December 19 2025, 16:00
Reflection in a Dead Diamond
Director: Bruno Forzani, Hélène Cattet
Release year: 2025
Yikes, the plot of this one... John Diman is an old man staying at an expensive hotel on the French Riviera, but he was once a secret agent for a clandestine government organisation. He spent years trying to catch a leather-clad female assassin called Serpentik, but she evaded him to the end. Memories and reality merge as he walks the hotel grounds and wonders if Serpentik has at last come for him.
It’s rare to find a film that is so impressionistic and reliant on associations through cuts, slides and jumps of editing, that you can get almost to the end and still not be sure what exactly is going on. It jumps through time, between characters, between the actors playing characters, and more, in an exhilarating and thoughtful way. It’s a love letter to a sort of film that was everywhere in the sixties, especially in Italy—the cheap euro-spy-thriller cashing in on the popularity of the Bond films.

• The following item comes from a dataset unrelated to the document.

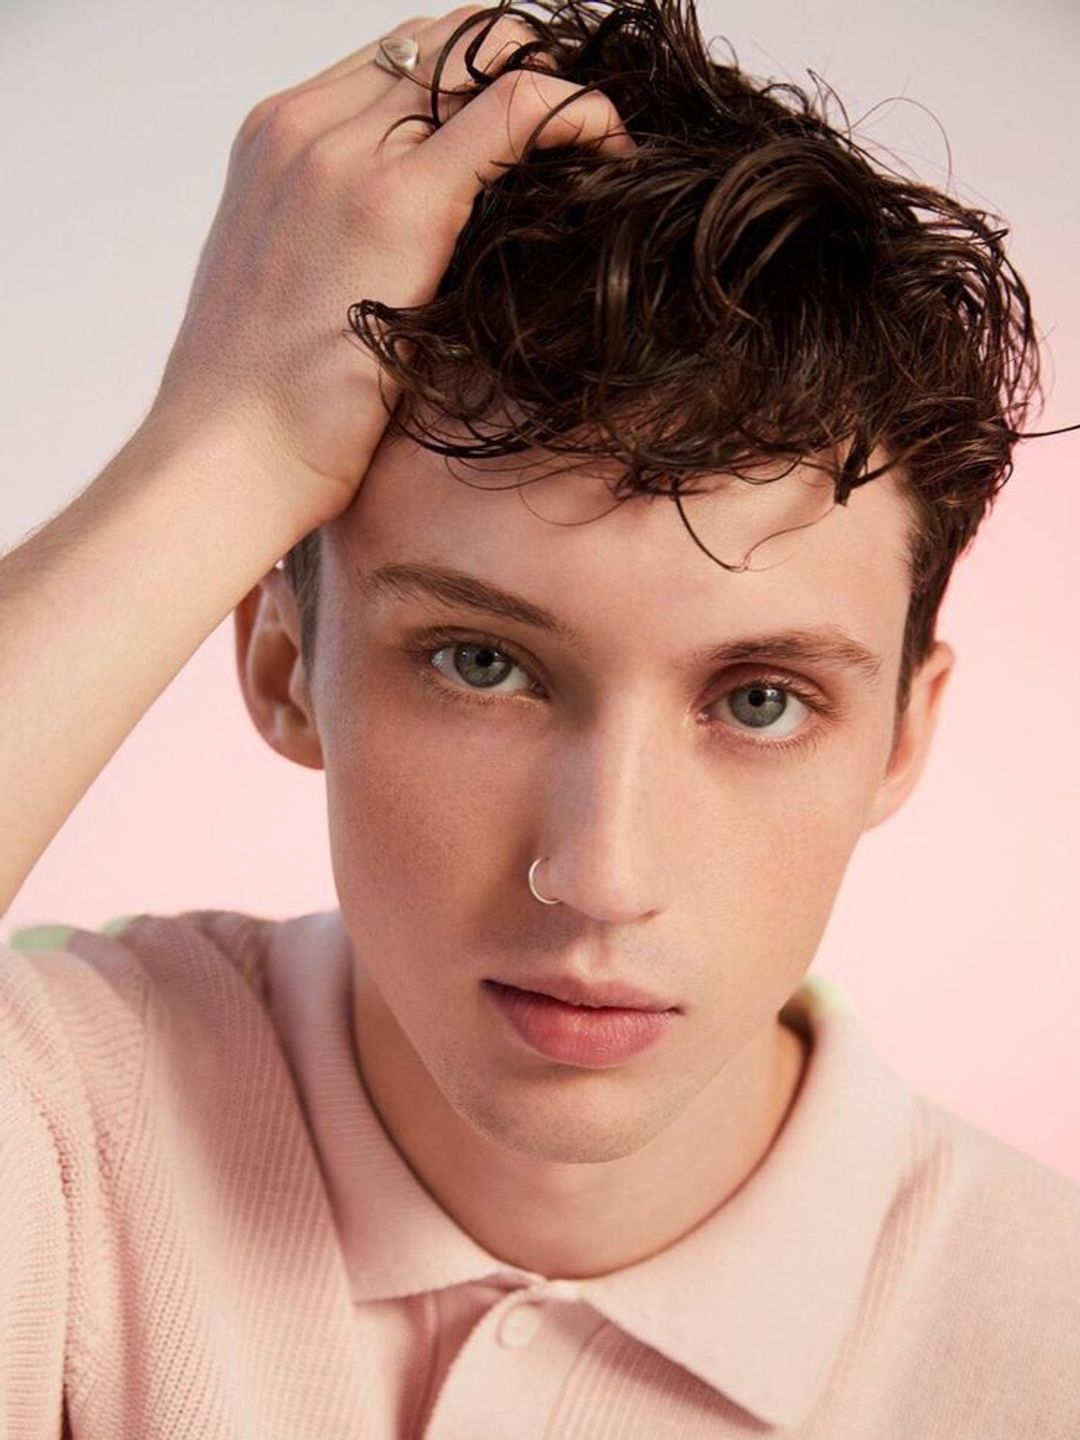 Troye Sivan where does he live

The camera effects and costumes and dialogue are familiar from other genres I do know, and I can’t think of anyone better to do a film like this than Bruno Forzani and Hélène Cattet’s, who have done a similar job with giallo (Amor) and spaghetti westerns (Let the Corpses Tan).
Serpentik is a fascinating villain (or is she?), with an ever-changing face, an array of feminine weapons (steel nails! hair hooks! poison rings! samurai swords!), and a barely concealed rage that is amusingly counter to Diman’s confused lust and professional outrage that he can’t catch her. And the ending is deliciously ambiguous.